Эгиль еще помнил своего сына крепким, румяным дуардином, каким он был, и зачастую с трудом мирился с живым предком, которого видел теперь. Тяжелая рубаха из серебряных колец болталась на иссохшихся плечах Финна. Пальцы, сомкнутые на чаше с элем, походили на пальцы дуардинского скелета, крупные кости тянули вниз кольца с драгоценными камнями, жалко поблескивающими в свете ламп.
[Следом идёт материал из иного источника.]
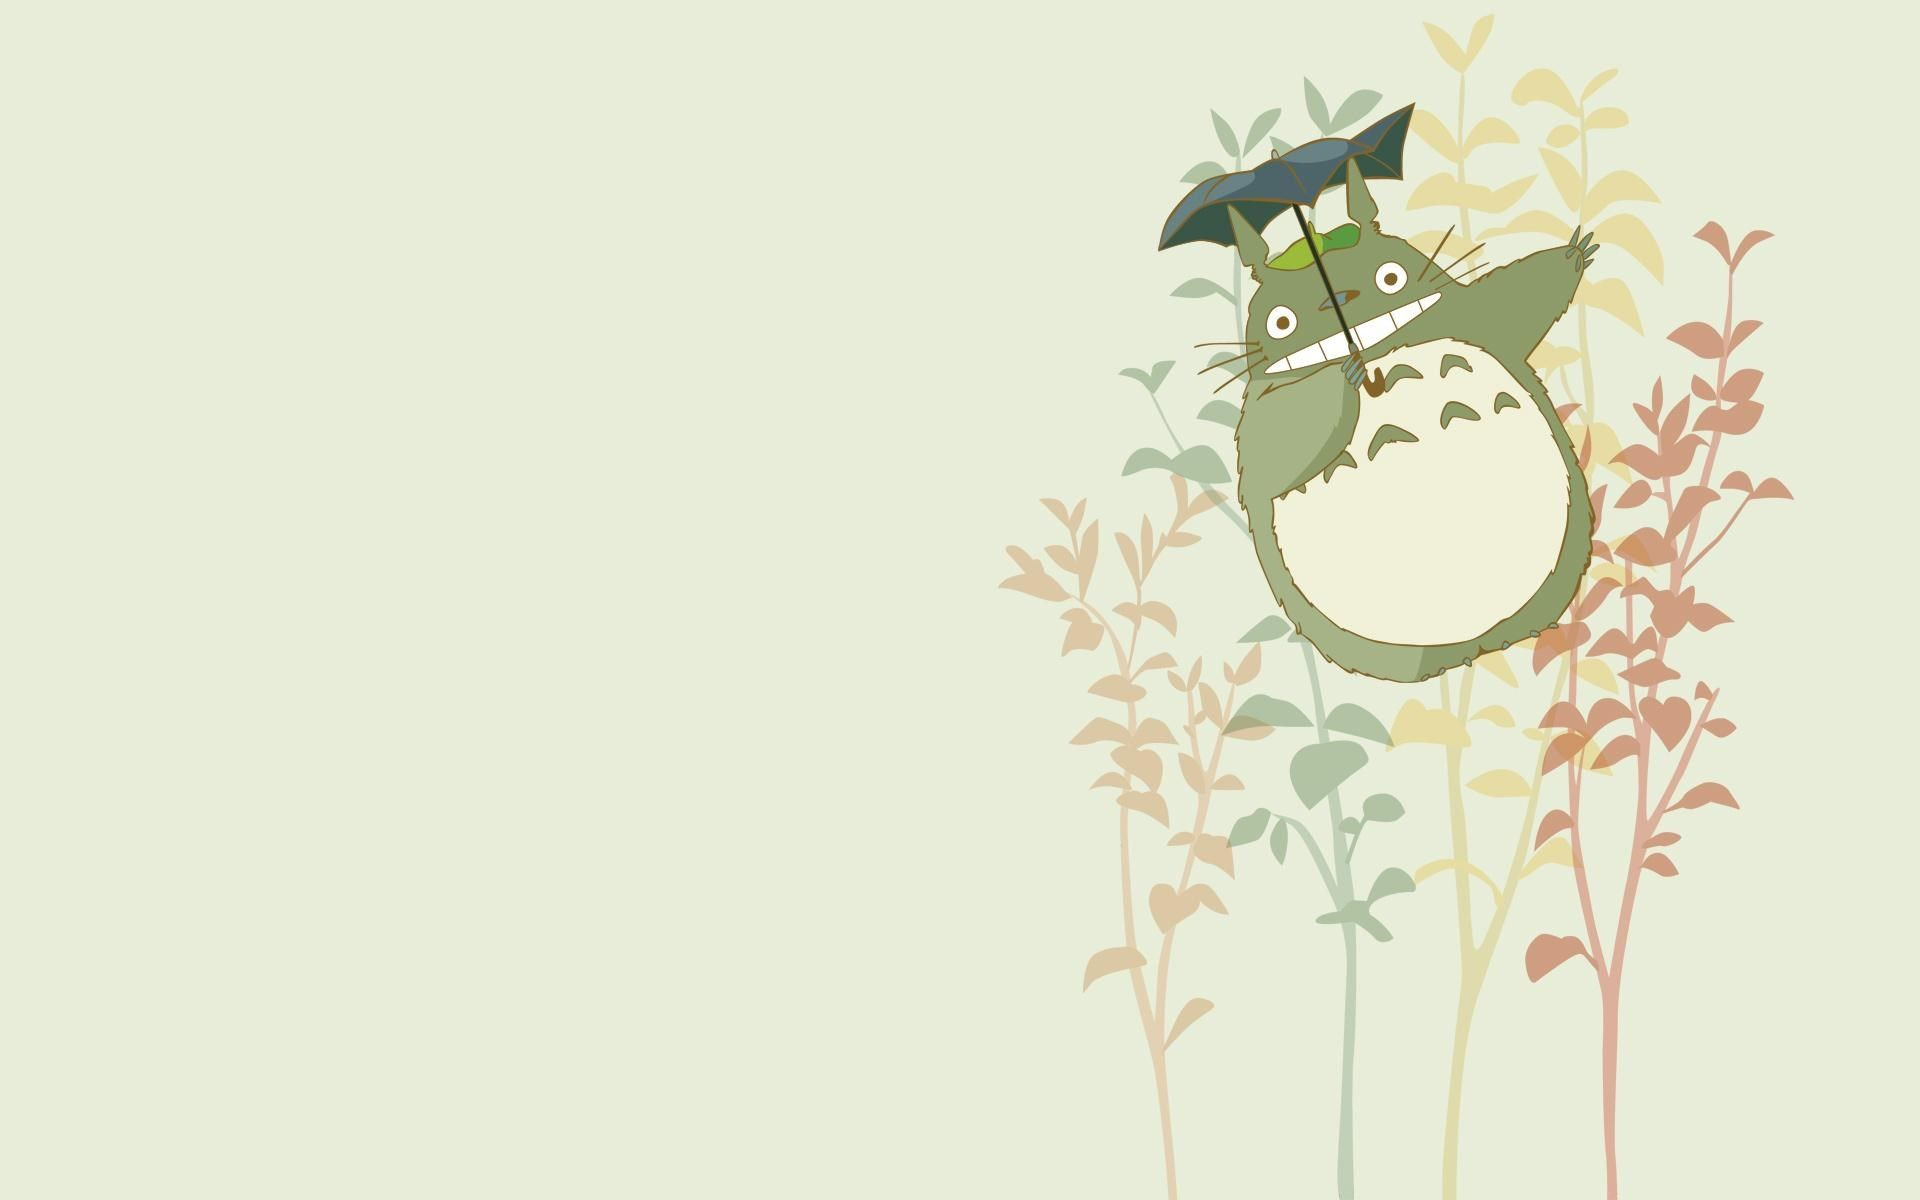 totoro anime wallpapers hd free o oshenka Pinterest

Кажется, годы взяли свое у обоих.

- В те дни дуардины умели варить эль, - сказал Финн.

- Умели, - согласился Эгиль.

- Не как нынешние дуардины, - продолжил Финн.

Эгиль кивнул.

- Не как нынешние.

Пиршественный зал был огромным, тянущимся в бесконечность помещением, подпираемым колоннами, вырезанными в виде крупных подобий королей и королев, идущих вдоль обеих стен будто назад во времени. Самые далекие Эгиль едва мог разглядеть. В нескольких десятках очагов ревел огонь, давая пышную демонстрацию богатства, но, что странно, мало тепла или уюта. Свет, по большей части, исходил от лампокамней, встроенных в потолок. Они превращали пол в мозаику приглушенных цветов, присыпанную огромными участками тени. Каждый год гильдия каменщиков тратила время между Кунгстроллен на расширение зала, устанавливая дополнительные очаги и больше рядов столов, чтобы вместить новоприбывших. Места теперь хватало для нескольких десятков тысяч дуардинов, но лавок поставили едва ли на сотню. Их серые головы были разбросаны по залу, океаны пустого пространства между ними служили лишь тому, что подчеркивали отсутствие гостей.
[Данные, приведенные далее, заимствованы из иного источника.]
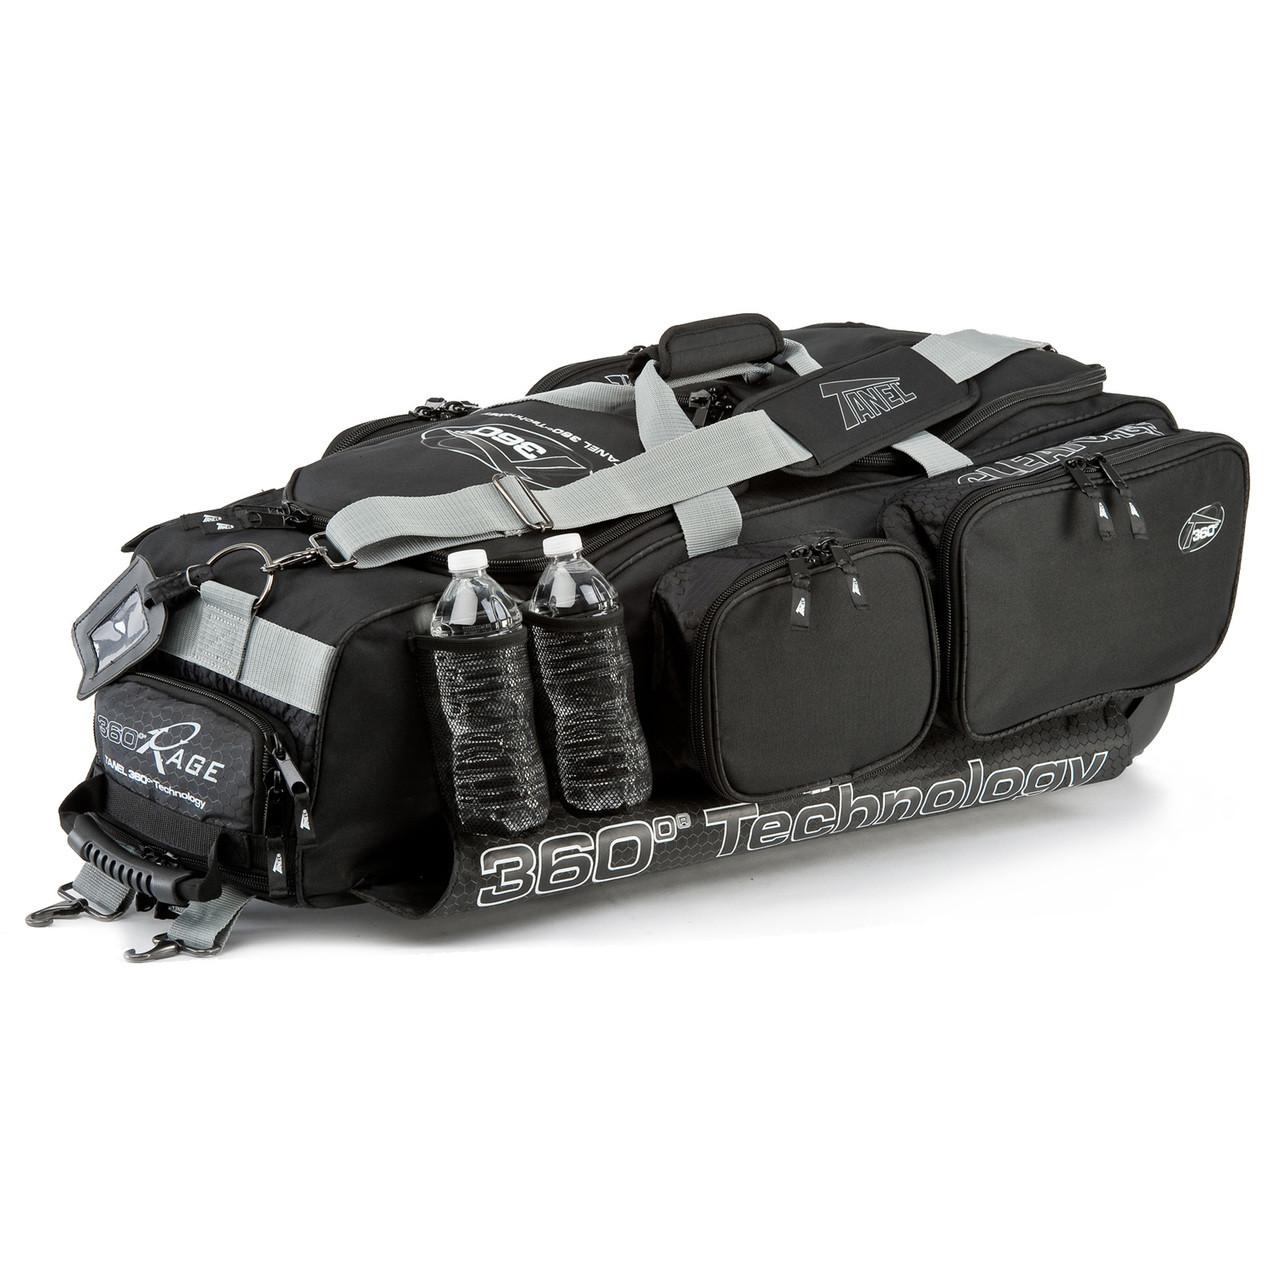 Black Rage Bag

«Не странно ли это, - гадал Эгиль, - давать столько места на такое малое количество народу?».

Он повернулся, бросив взгляд на стул с высокой спинкой между ним и его сыном. Сучковатое дерево спинки было старым, потемневшим и втертым до гладкости, словно от использования, хотя Эгиль знал, что это невозможно. Ему казалось особенно расточительным и даже жестоким, иметь подле себя такое роскошное кресло, на котором некому сидеть. Потревоженный чем-то недостаточно ясным, чтобы назвать воспоминанием, он провел рукой по подлокотнику. В конце, у него появилось необъяснимое ощущение ладони кого-то другого, ложащейся на его. Он отдернул руку быстрее, чем двигался за многие десятилетия, и чуть не опрокинул эль.

- Отец? - произнес Финн.

Эгиль нахмурился и вновь обратил внимание на чашу.

Ни один дуардин никогда не занимал третье кресло за почетным столом между ним и его сыном. Он бы помнил.
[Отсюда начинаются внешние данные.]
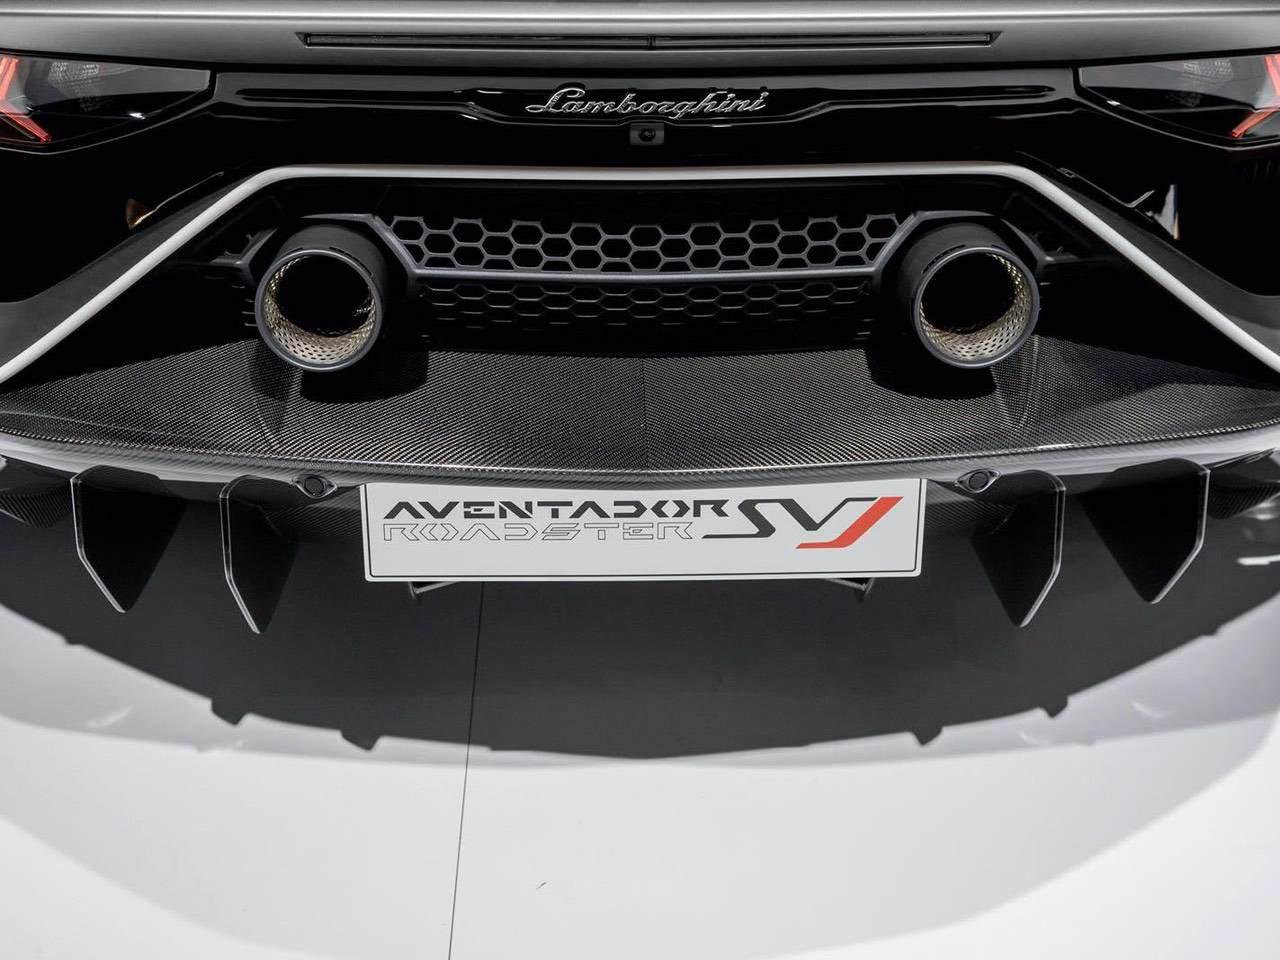 Lamborghini-Aventador-SVJ-Roadster-Grey-2

Встревоженный и неуверенный, чем именно, он глотнул эля.

На вкус он был не столько плох, сколько пресен. Какими бы качествами не обладали когда-то напитки Троггобоя, из-за повторения они потускнели, став такими же серыми, плоскими и непримечательными, как сам почтенный мастер-пивовар.

Эгиль поставил эль с тяжелым золотым «клац», как раз когда под сонное бормотание голосов и передвигание стульев, на ноги через силу поднялся Лауффир Алдонги.

Посланник крепости к владениям вовне постучал деревянной ложкой по боку своей чаши, призывая к тишине. Группа шахтеров стихла, в неподвижности зала эхом ушли последние гудки волынок. Эгилю пришлось осознанно обдумать последние несколько часов, чтобы понять, что он, вообще-то, даже не замечал их игру. Когда Лауффир встал, его бледно голубой плащ мерцал так, как блестит жила кристаллов в камне, когда по ней проходит свет. Борода его была из тонких белых волос, а голова лысела. Лицо - доброе, но с вечным оторопелым выражением, будто он постоянно находился в противоречии с состоянием мира, который видел вокруг. На носу у него лежали очки с толстыми линзами.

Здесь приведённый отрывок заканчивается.